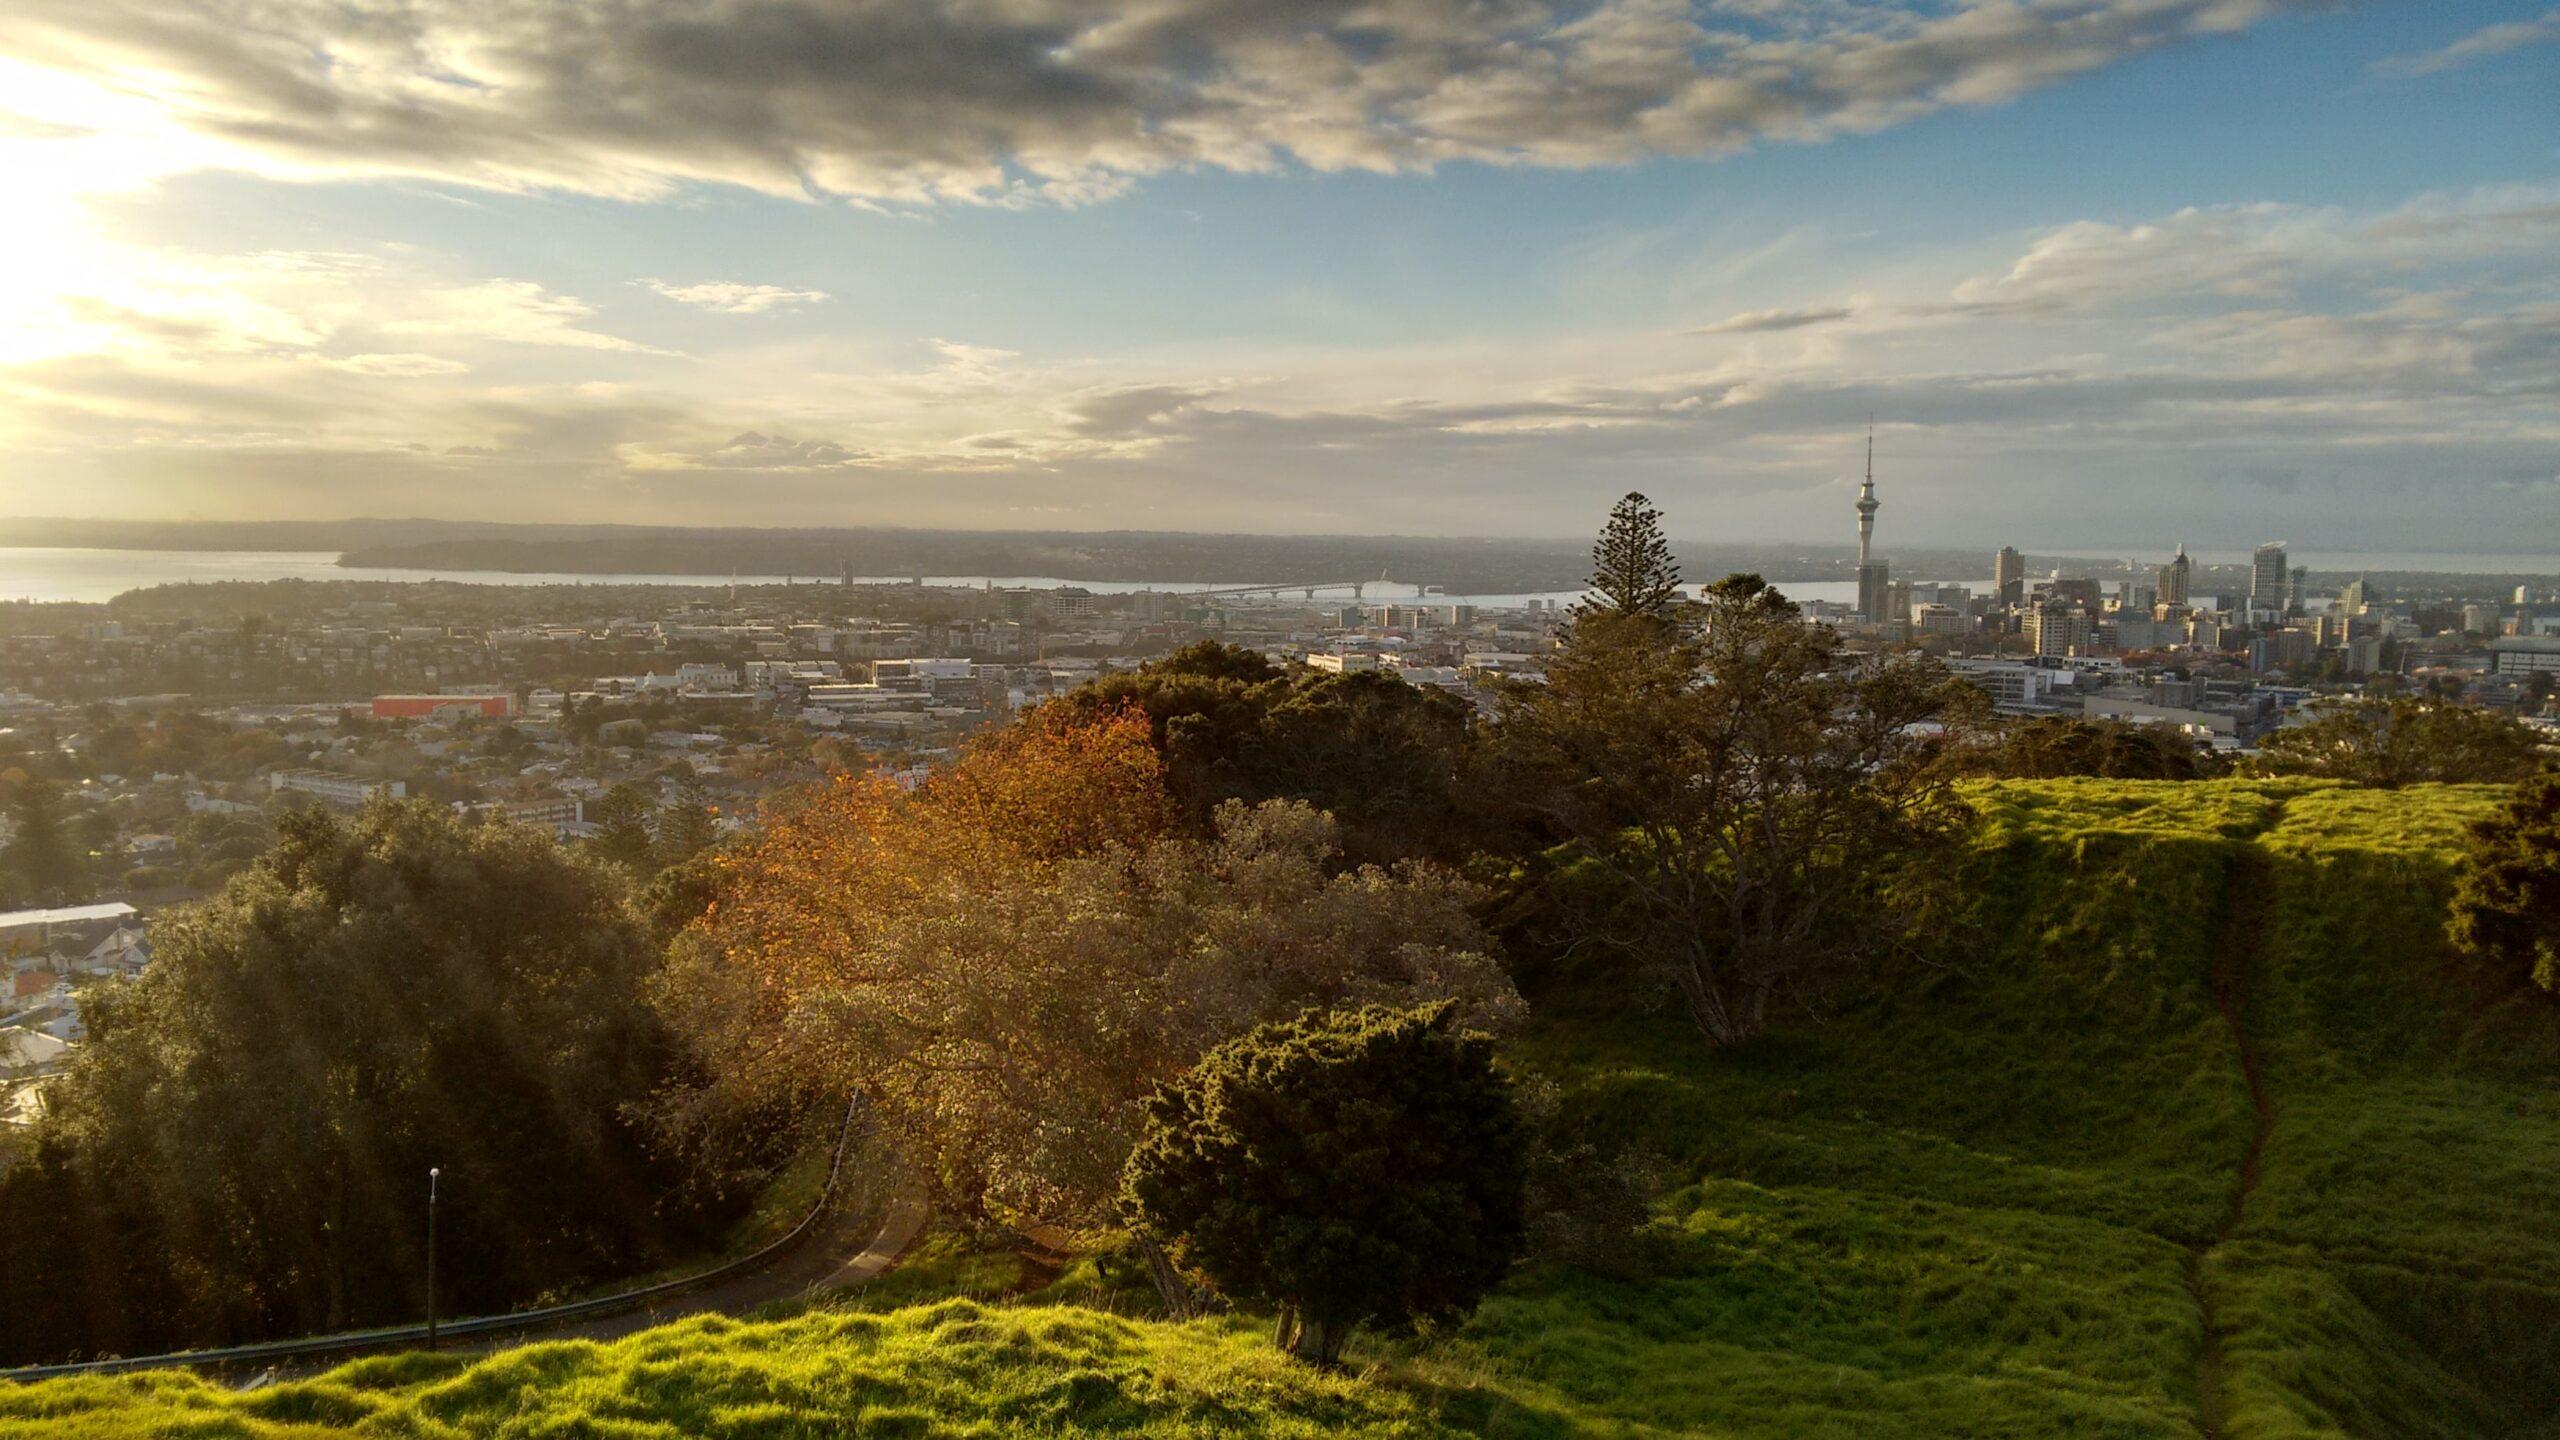 Vista da cidade de Auckland, na Nova Zelândia
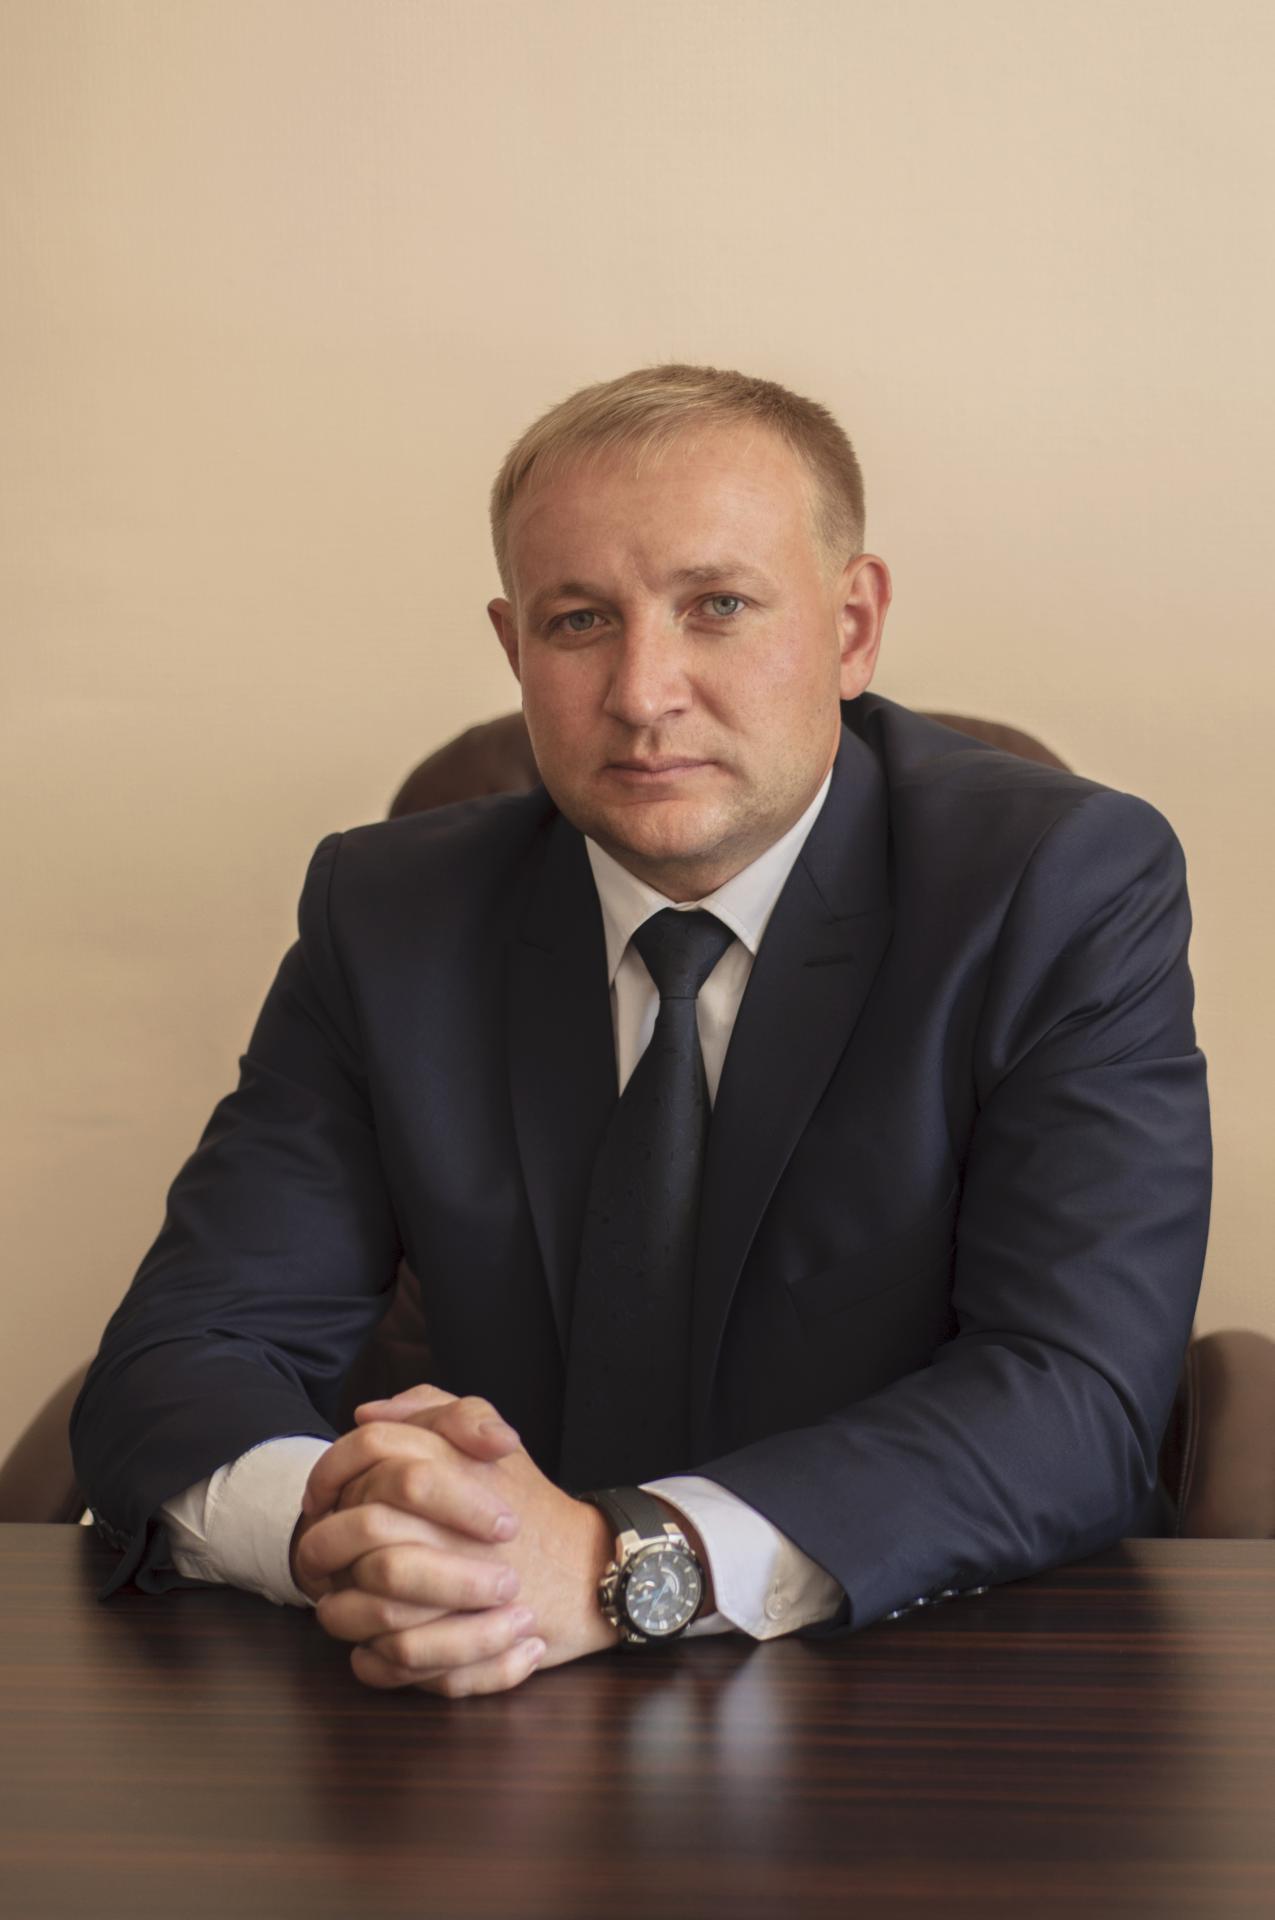 Руководителем коллегии является Белаш Сергей Владимирович (стаж адвоката 15 лет)
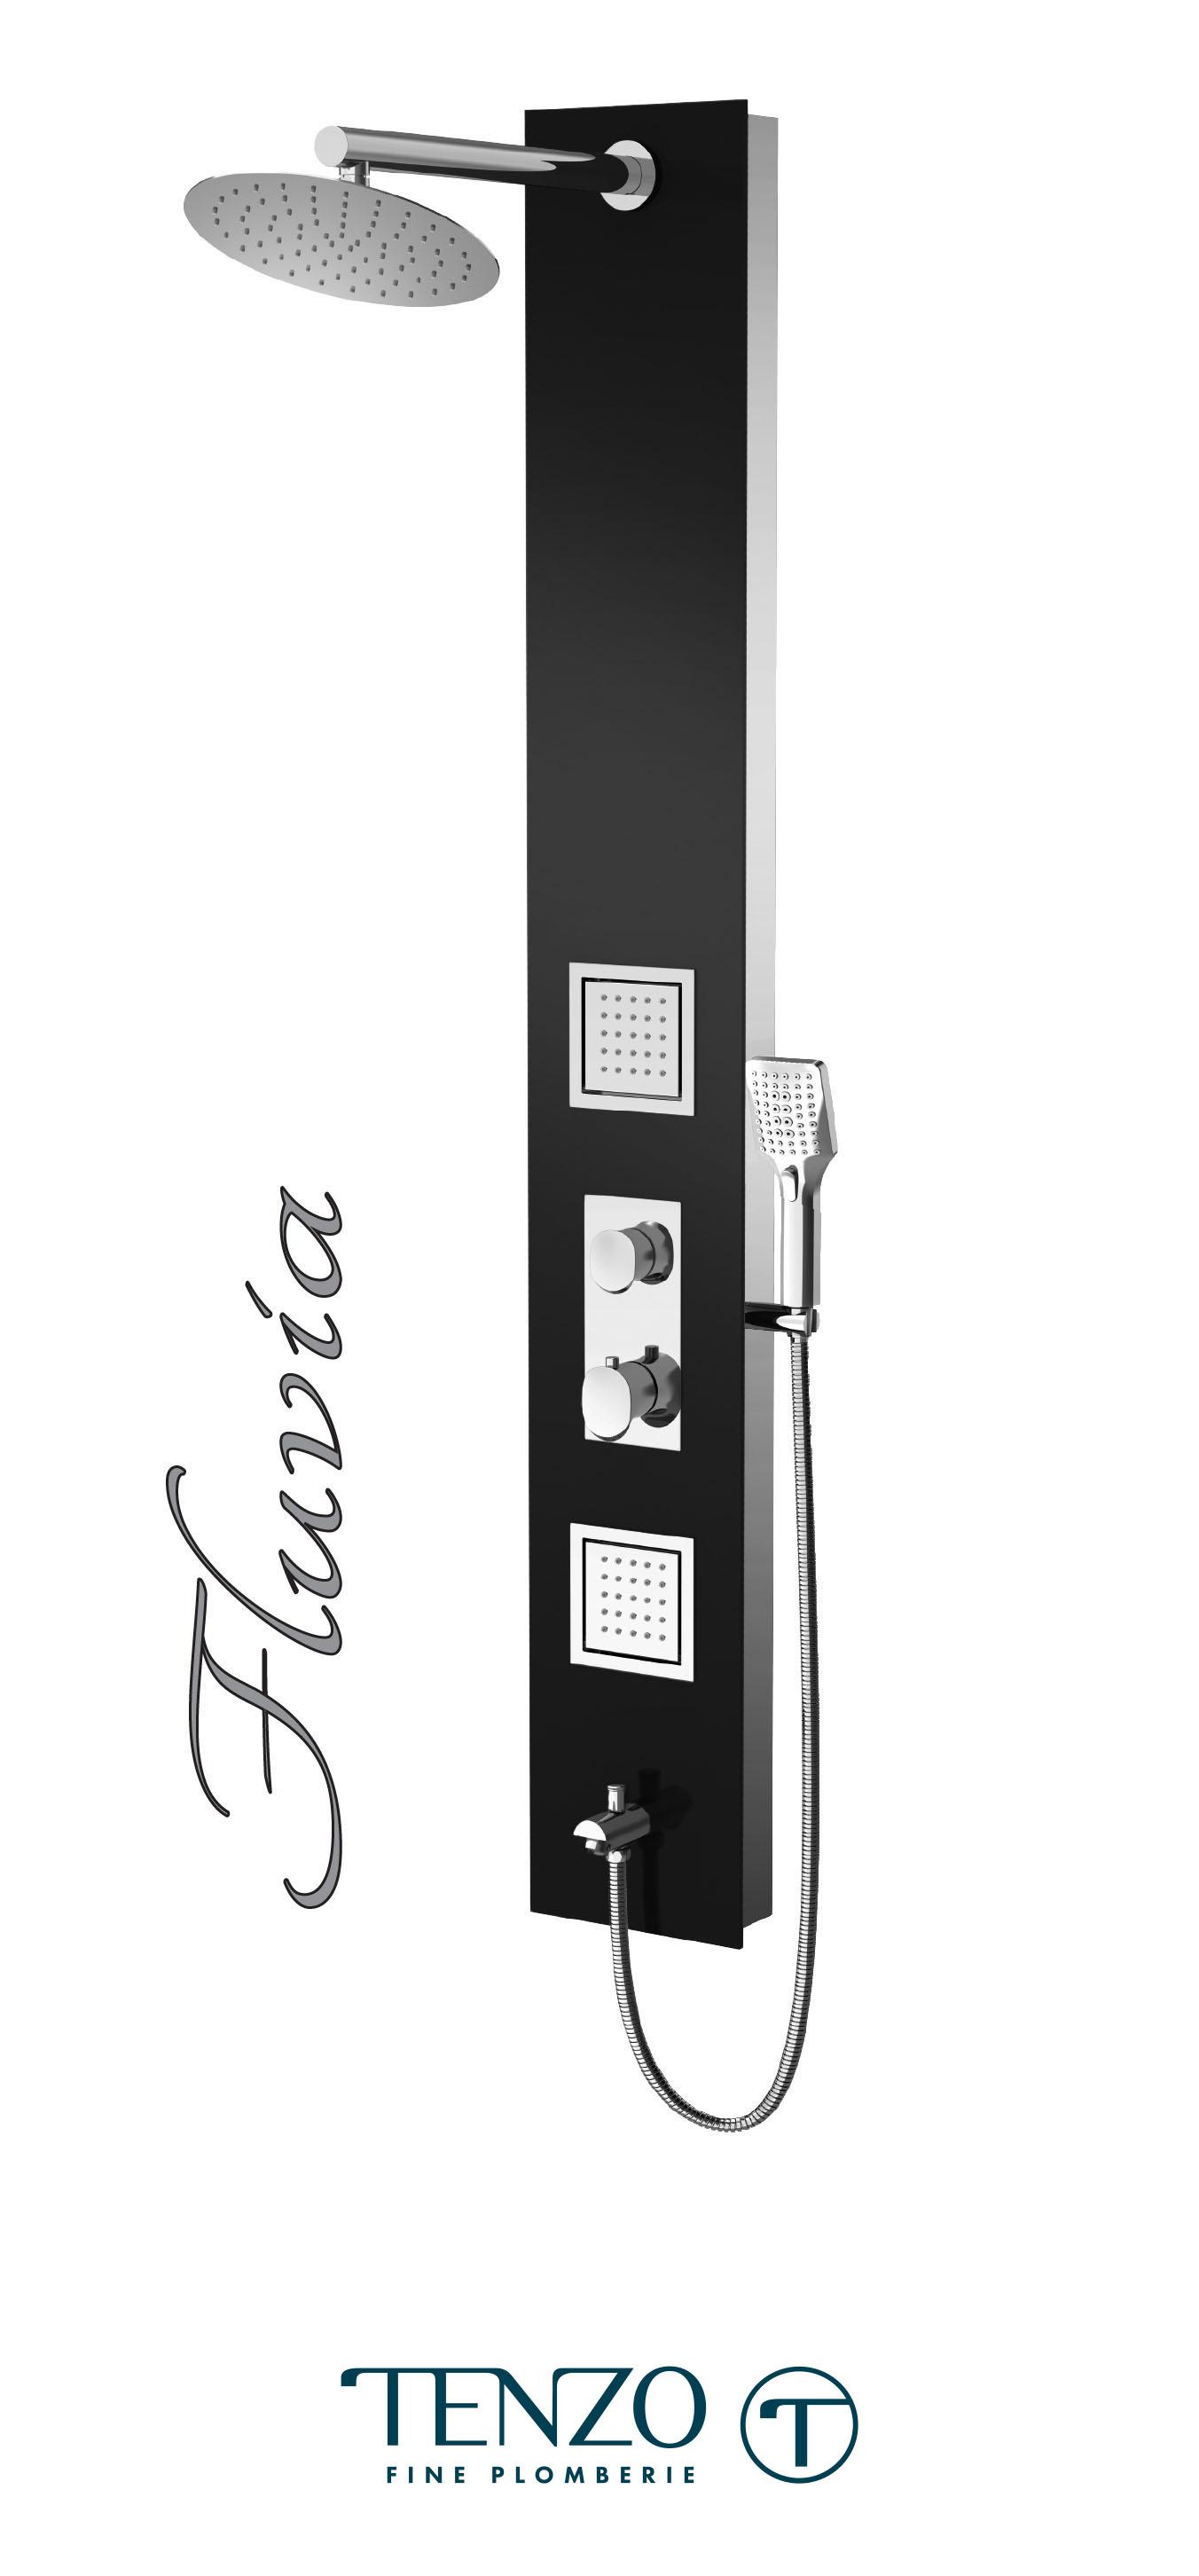 TZG3-XX-FL-SX - Colonne de douche - Verre trempé, 3 fonctions, Fluvia

=-=-=

▶ _Exercise_: Extract every line of the data exactly; pictures stay out.

▶ _Solution to the problem_:
 Vista da cidade de Auckland, na Nova Zelândia
 Руководителем коллегии является Белаш Сергей Владимирович (стаж адвоката 15 лет)
 TZG3-XX-FL-SX - Colonne de douche - Verre trempé, 3 fonctions, Fluvia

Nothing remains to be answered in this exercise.